WHAT IS REQUIRED —
Please write out only the lines from the line with "Prevention of Cruelty" to the line with "Couples photography in Rapid City, SD", inclusive, exactly as they stand below, without the pictures.

MATERIAL SHOWN —
BEGIN
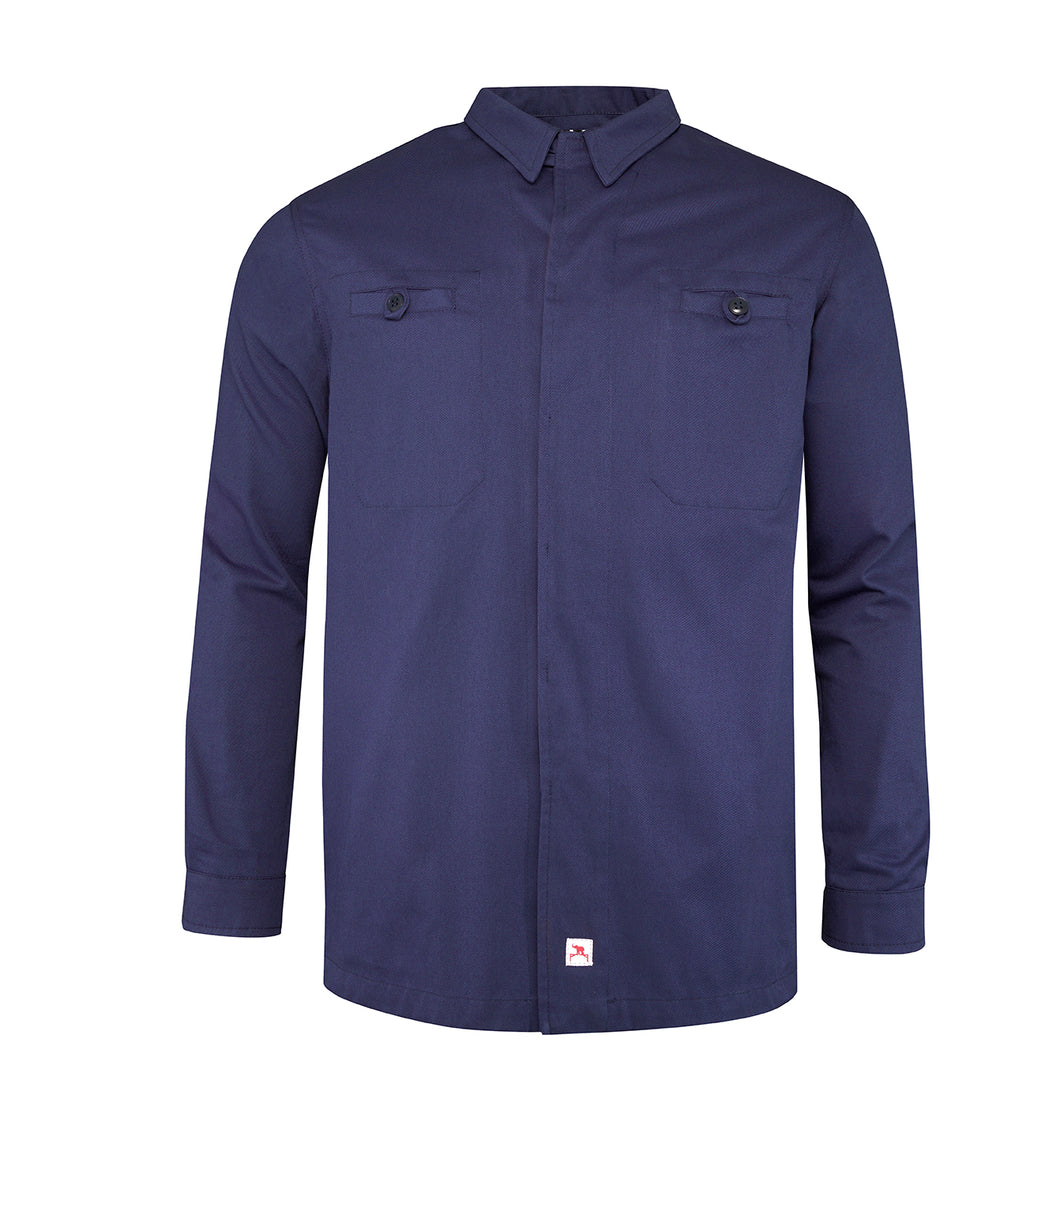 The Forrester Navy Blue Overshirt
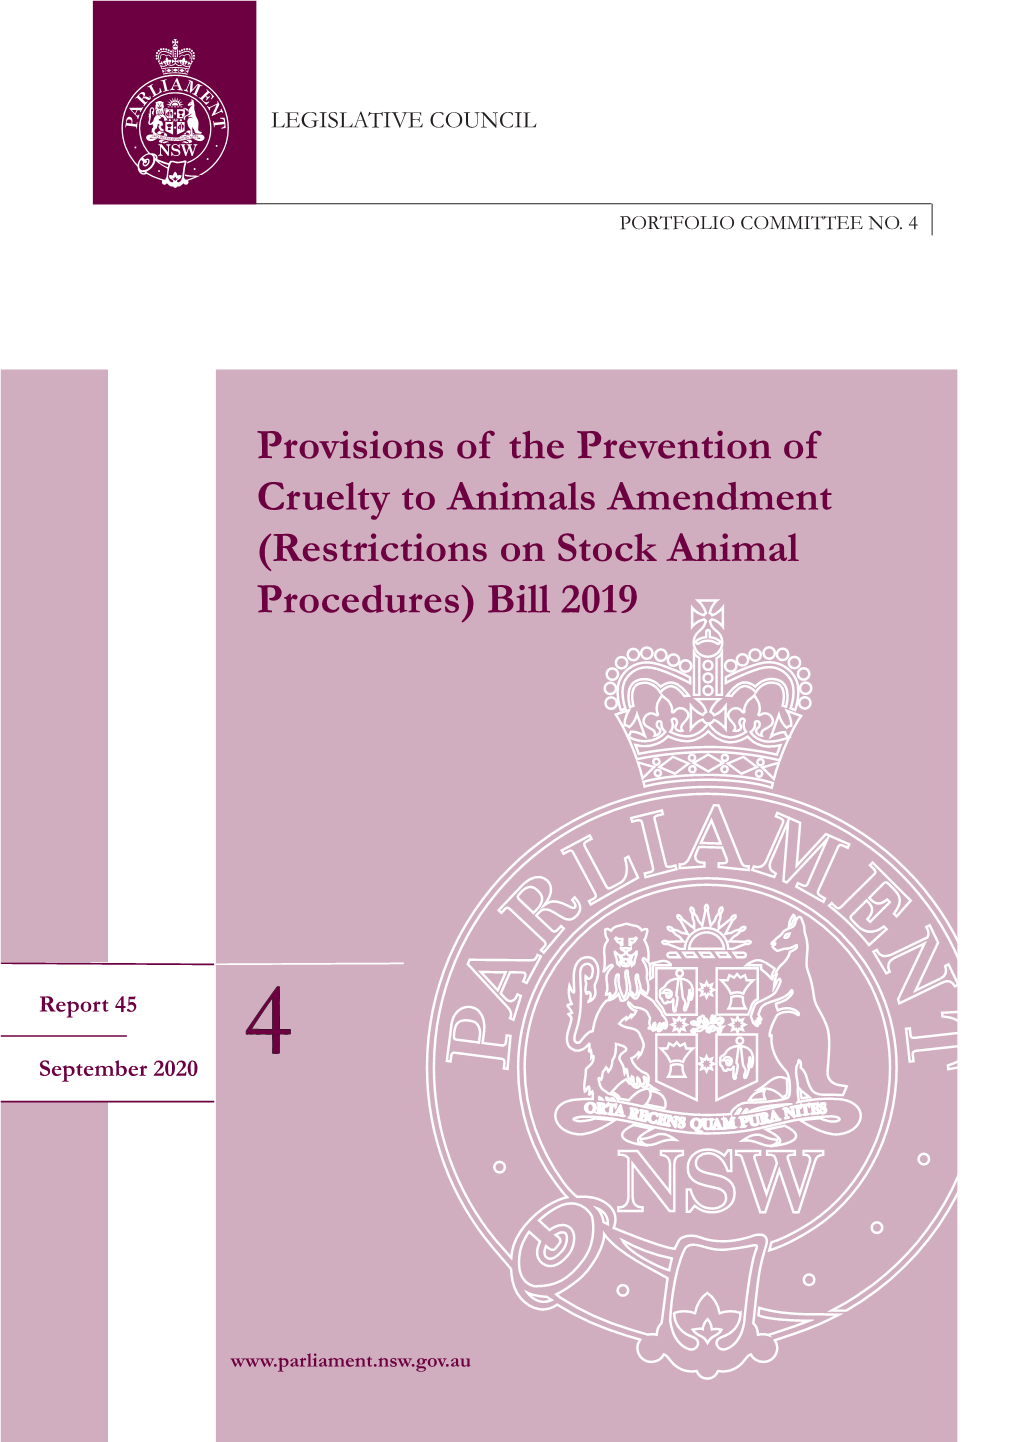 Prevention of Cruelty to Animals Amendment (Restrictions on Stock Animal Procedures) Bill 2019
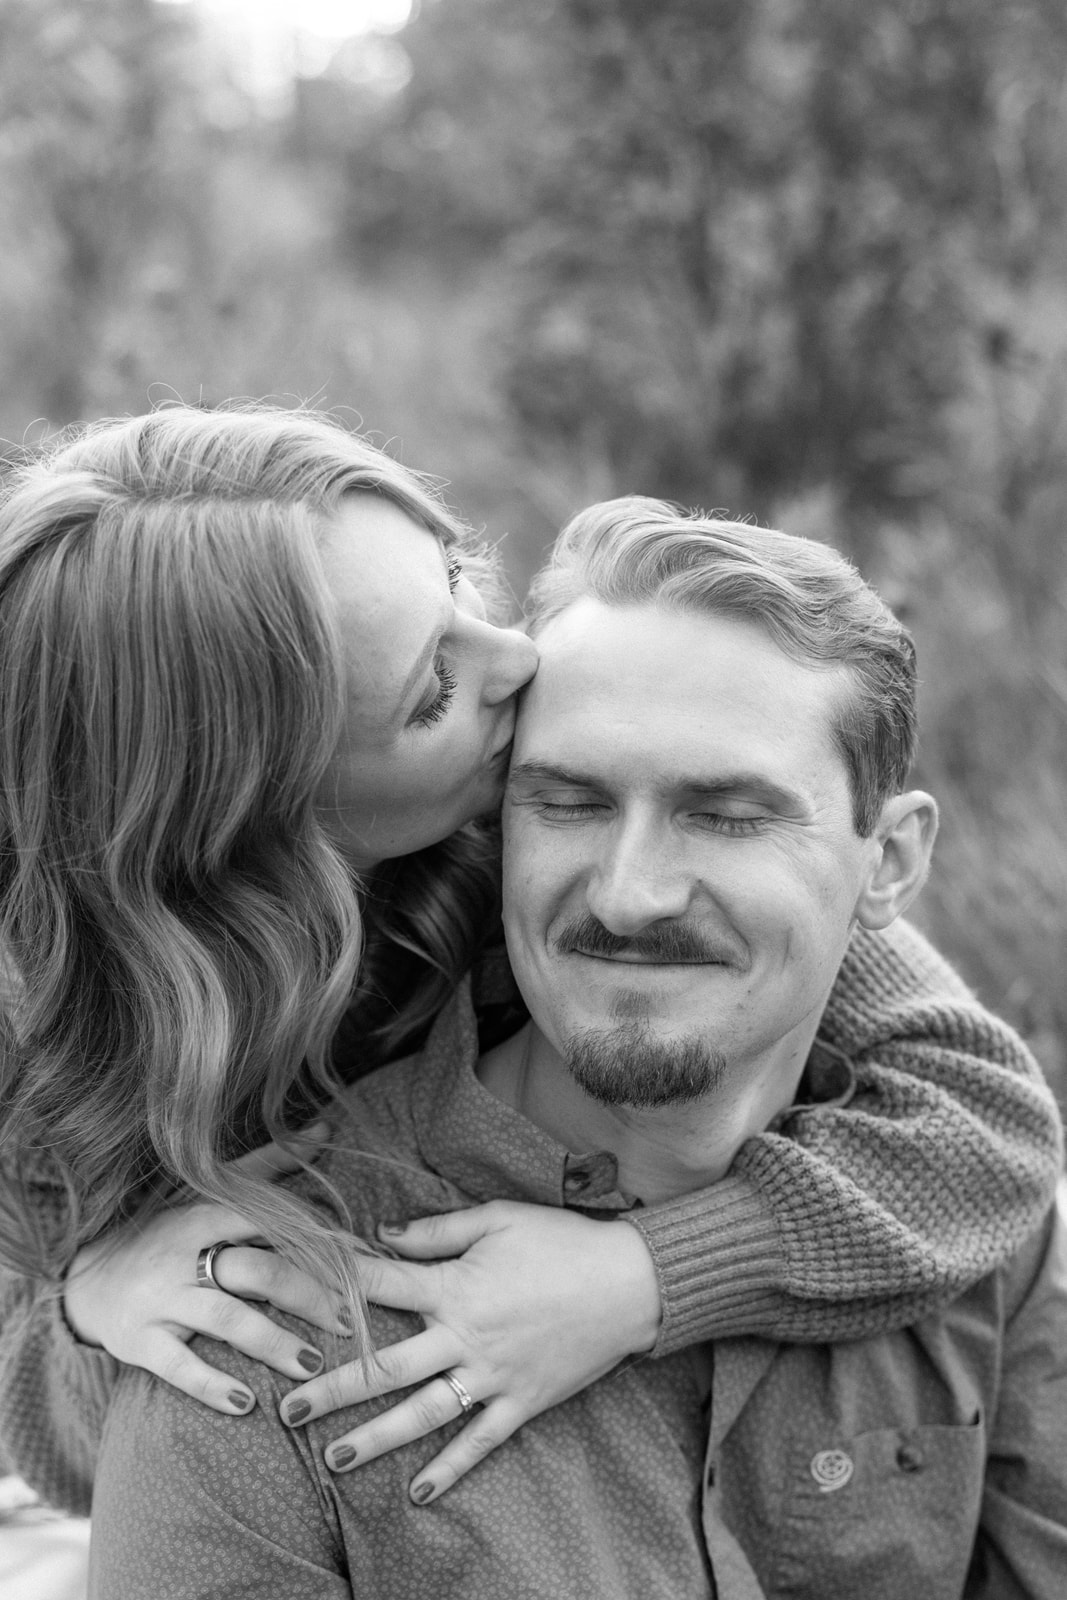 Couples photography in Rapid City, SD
END
BEGIN
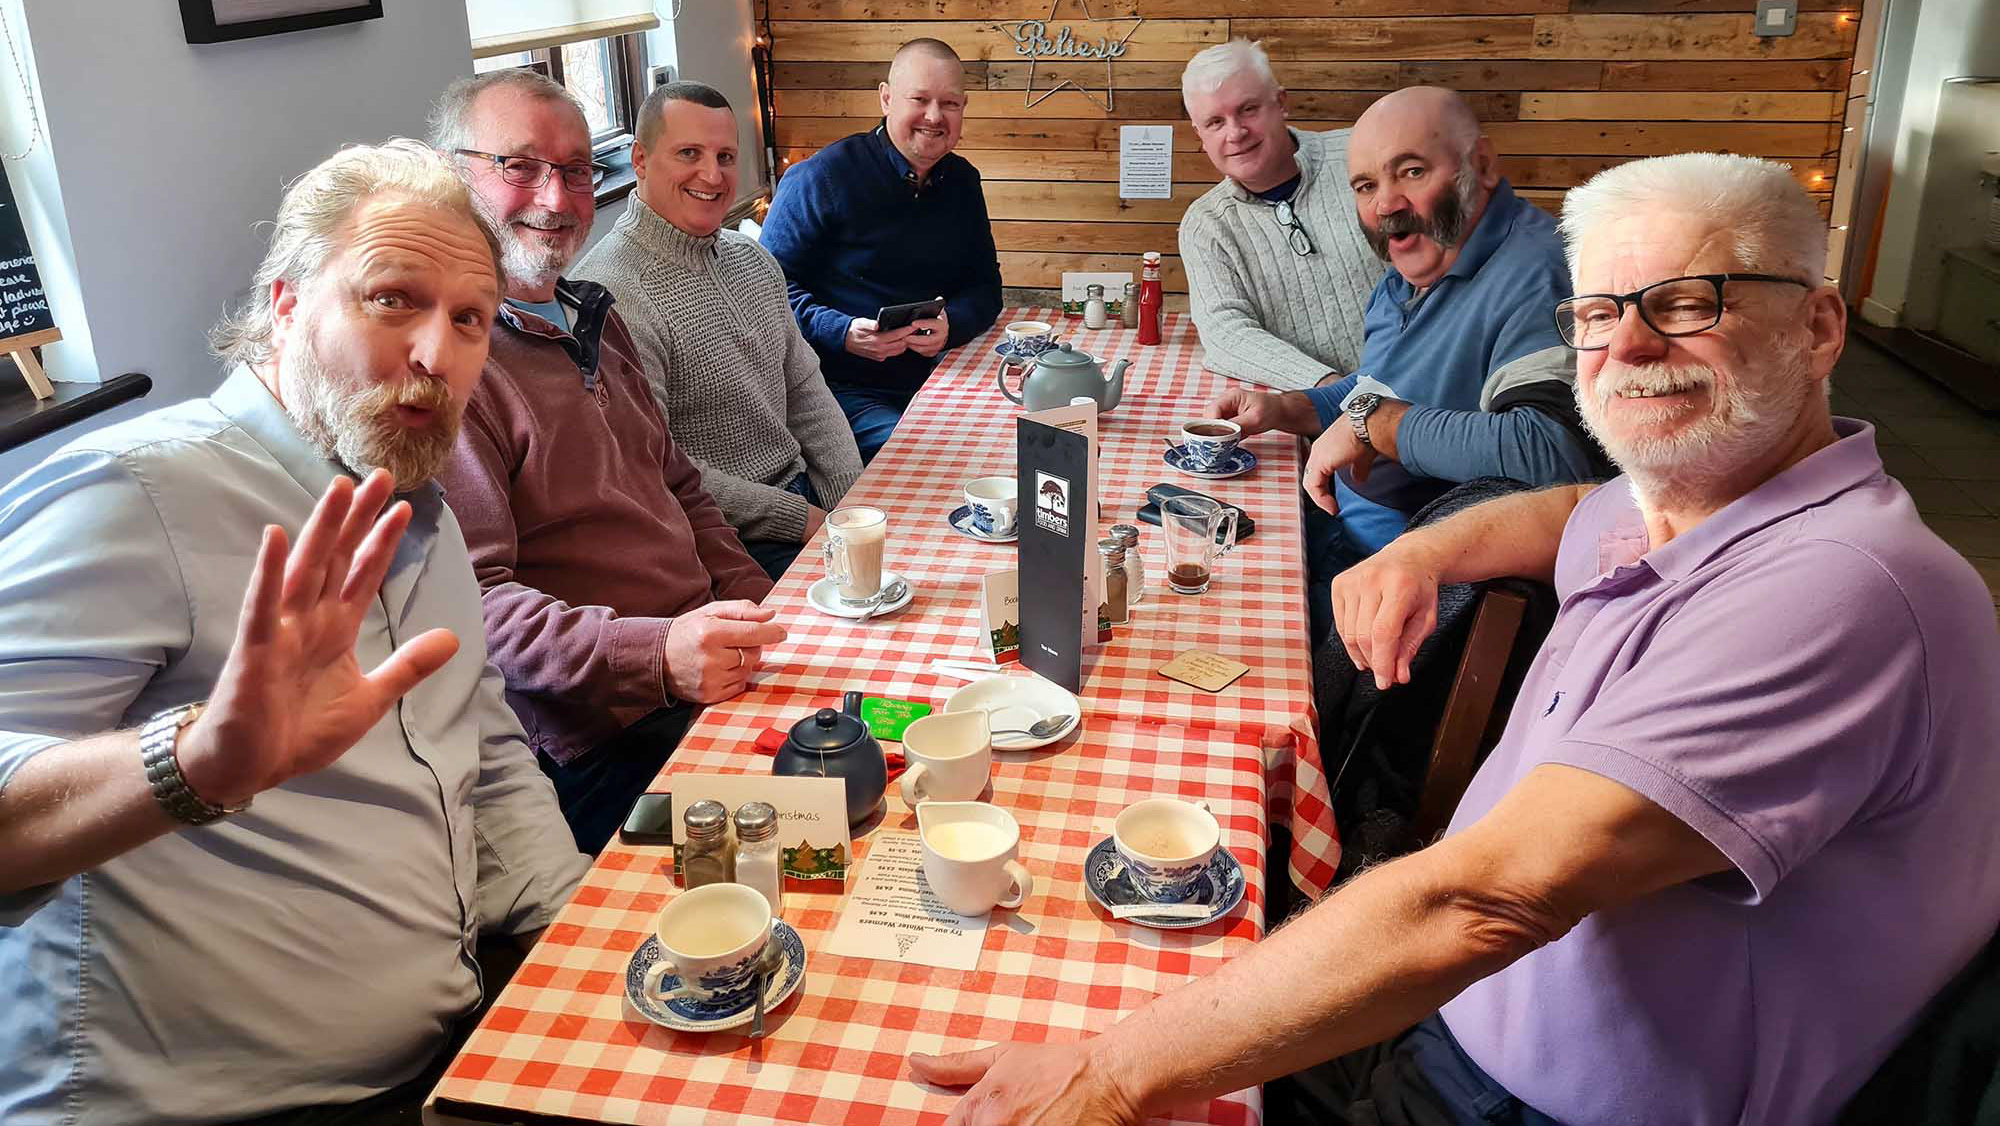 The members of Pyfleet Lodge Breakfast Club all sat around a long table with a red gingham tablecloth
END
COMPLETED TASK —
 Prevention of Cruelty to Animals Amendment (Restrictions on Stock Animal Procedures) Bill 2019
 Couples photography in Rapid City, SD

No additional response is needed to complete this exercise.